In a review of Jared Taylor's book White Identity, Steve Sailer wrote

Since many of his examples are drawn from my native Los Angeles, I am able to confirm their validity. For example, Taylor writes:

"In March 2005, there was a riot involving 200 to 400 Armenian and Hispanic students at Grant High School in Los Angeles. … The school's dean, Daniel Gruenberg, explained that there had been similar eth­nic battles at least once a year for more than a decade."

Grant H.S. is in a fairly nice part of the San Fernando Valley, just north of tony Sherman Oaks, home to numerous character actors and screenwriters. You've seen dozens of TV shows filmed on Grant's campus. I've shot hoops at the high school's gym on and off since the 1970s.

Is Taylor overstating how long this history of mass violence between Armenians and Mexicans has gone on at Grant?

No—he's understating it. A 2000 article in the L.A. Times reported:

"John Salapa's ninth-graders have been at Grant High for only two months, but they have already learned a few things. … And they know what October means: fights between Armenian Americans and Latinos …'It's a tradition,' one said. 'That's why they call it the October riots. They probably schedule it.'"[Program Seeks to Reduce Latino-Armenian Tensions at School, By Hilary E. MacGregor, October 22, 2000]

Why? The LA Times' MacGregor continued:

"For as long as most people there can remember, tensions between Armenians and Latinos at Grant have flared in late October. The 3,300-member student body, representing 32 cultures, is one of the most diverse in the San Fernando Valley. … One district official speculated that tension between the Latino and Armenian students may have originated from disputes over relief efforts in the mid-1980s after earthquakes in Mexico and Armenia. At the time, students from each ethnic group claimed that the other received more empathy and relief …"

But that mid-1980s dispute had to have been an effect rather than a cause of racial hatred between Armenians and Mexicans, because I can recall the two groups already rioting at Grant in the mid-1970s, when I was attending Notre Dame H.S. two miles away.

But there lots of school riots, and many of them are interethnic in weird ways. See Kurds vs. Latinos Brawl at High School in Nashville.

Of course, in non-diverse schools, with only one minority, you get Latino-on-Latino or black-on-black fighting.

See Diversity Is Strength!

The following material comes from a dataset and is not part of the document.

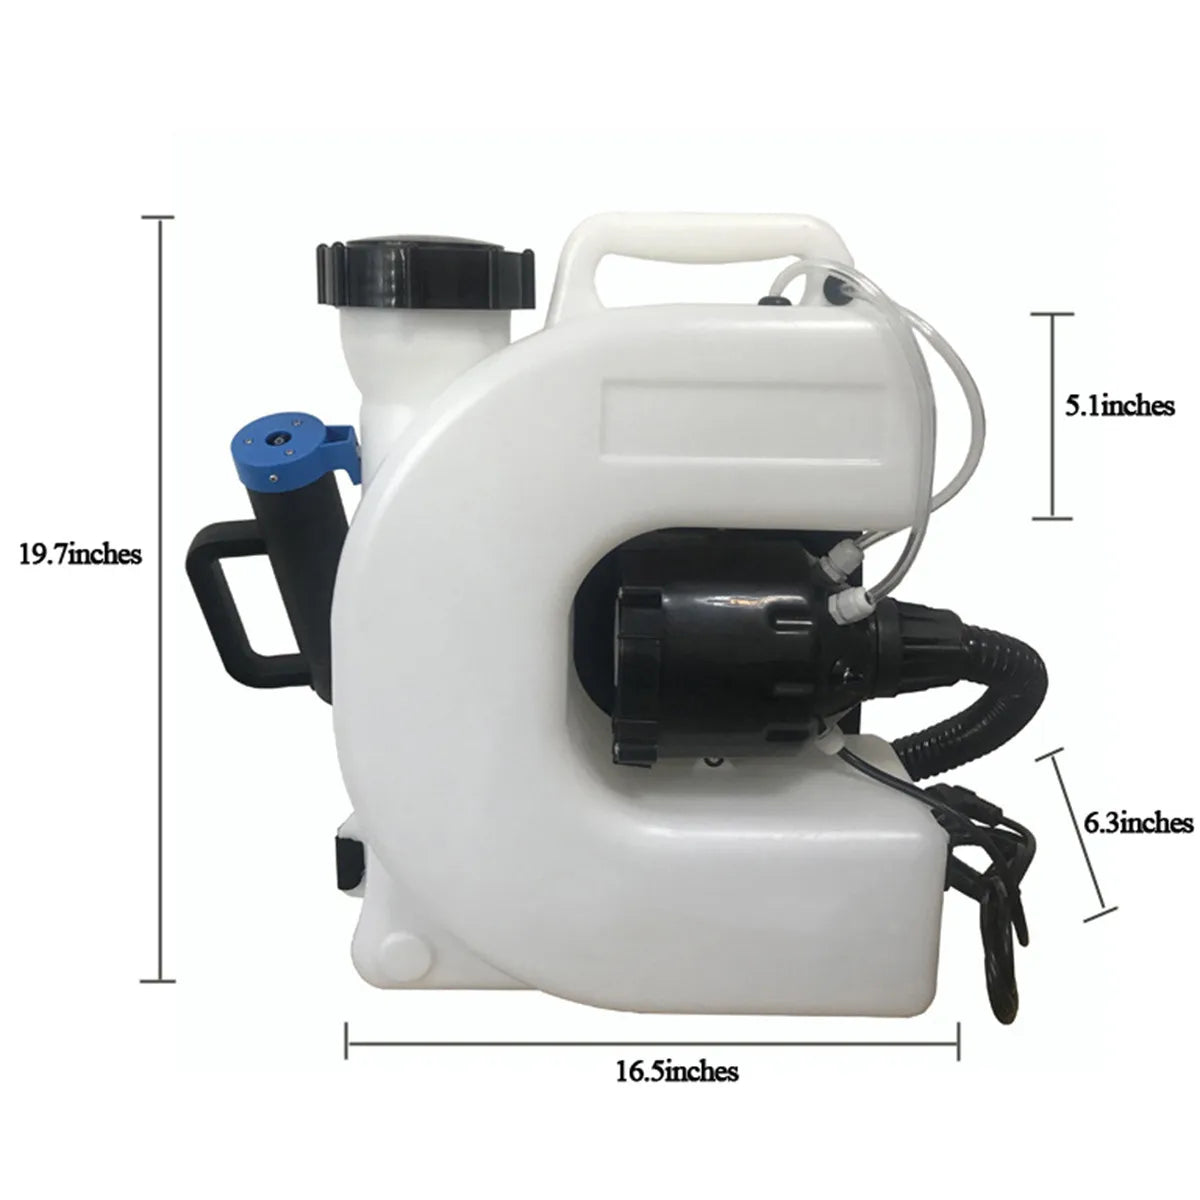 FOGGSTER 15L Electric Backpack ULV Cold Fogger Sprayer 1400W Super-C Disinfection Machine

It`s Also…Gang Warfare and The Fulford File: The Democrats Are Real Party Of School Violence—Because It’s Committed By Minorities.

But my favorite interethnic riot is a tri- or quad-racial brawl from 2006 that I covered in Race Riots In California Schools: "What Makes Us Special..., where Tongans and Samoans fought on the side of the blacks against the Hispanics:

Race riots, pitting blacks against Hispanics, broke out in two California schools, one in Fontana High School, in the Inland Empire, and one in San Bernardino.

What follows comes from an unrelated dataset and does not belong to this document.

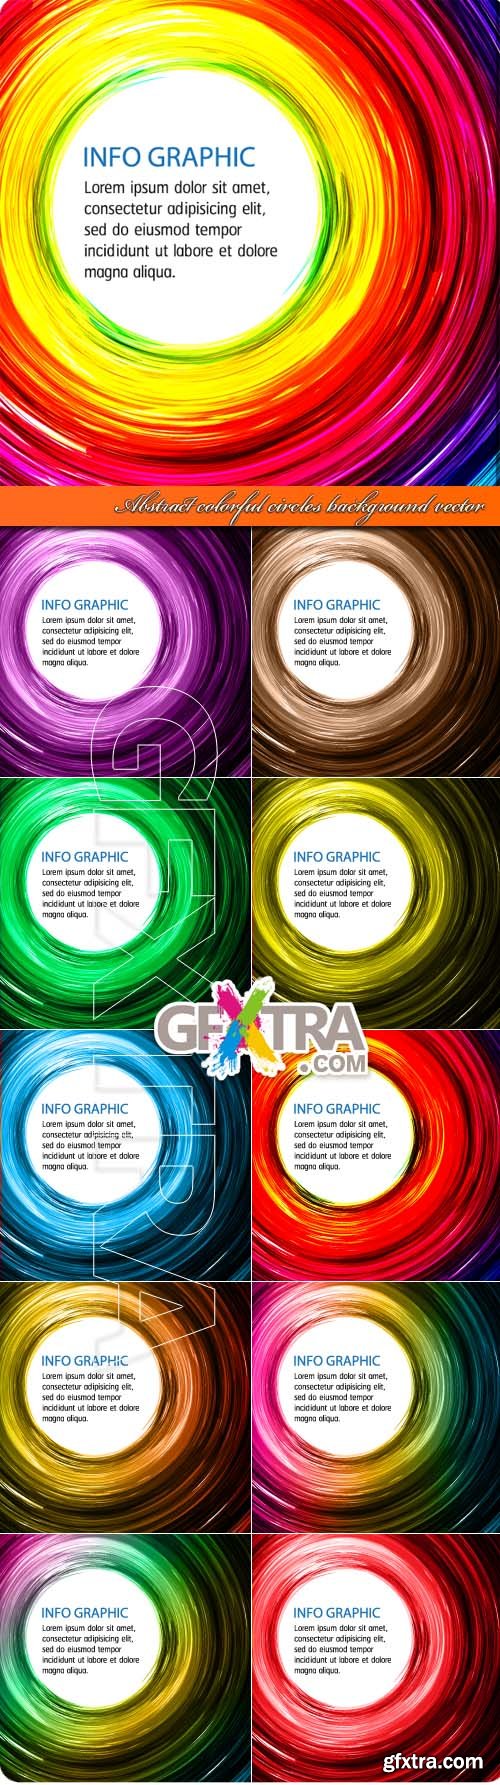 Abstract colorful circles background vector

Video footage of an interview with Sergeant Doug Wagner of the Fontana Police Department shows him describing how it started with a fight between a black and a Hispanic youth, which then involved more students from "each of those races" and then some Samoan students got involved, and it got up to hundreds of students, with rocks and bottles being thrown by students, and pepperspray and beanbag rounds used by the police. "Several students and police also said a group of Tongan and Samoan students joined with the black students in the fight."[Racial fights break out at 2 schools |One clash shuts Fontana High. The other at San Bernardino's Pacific High is smaller. October 14, 2006 By BEN GOAD and RICHARD BROOKS, The Press-Enterprise]

And now for a word from the Fontana Unified School District's official website:

What Makes Us Special

Our community is rich in culture, racial and economic diversities. We cherish our differing cultural backgrounds and share the common goal of having high expectations for our children, and to the commitment to the continuing improvement of our schools.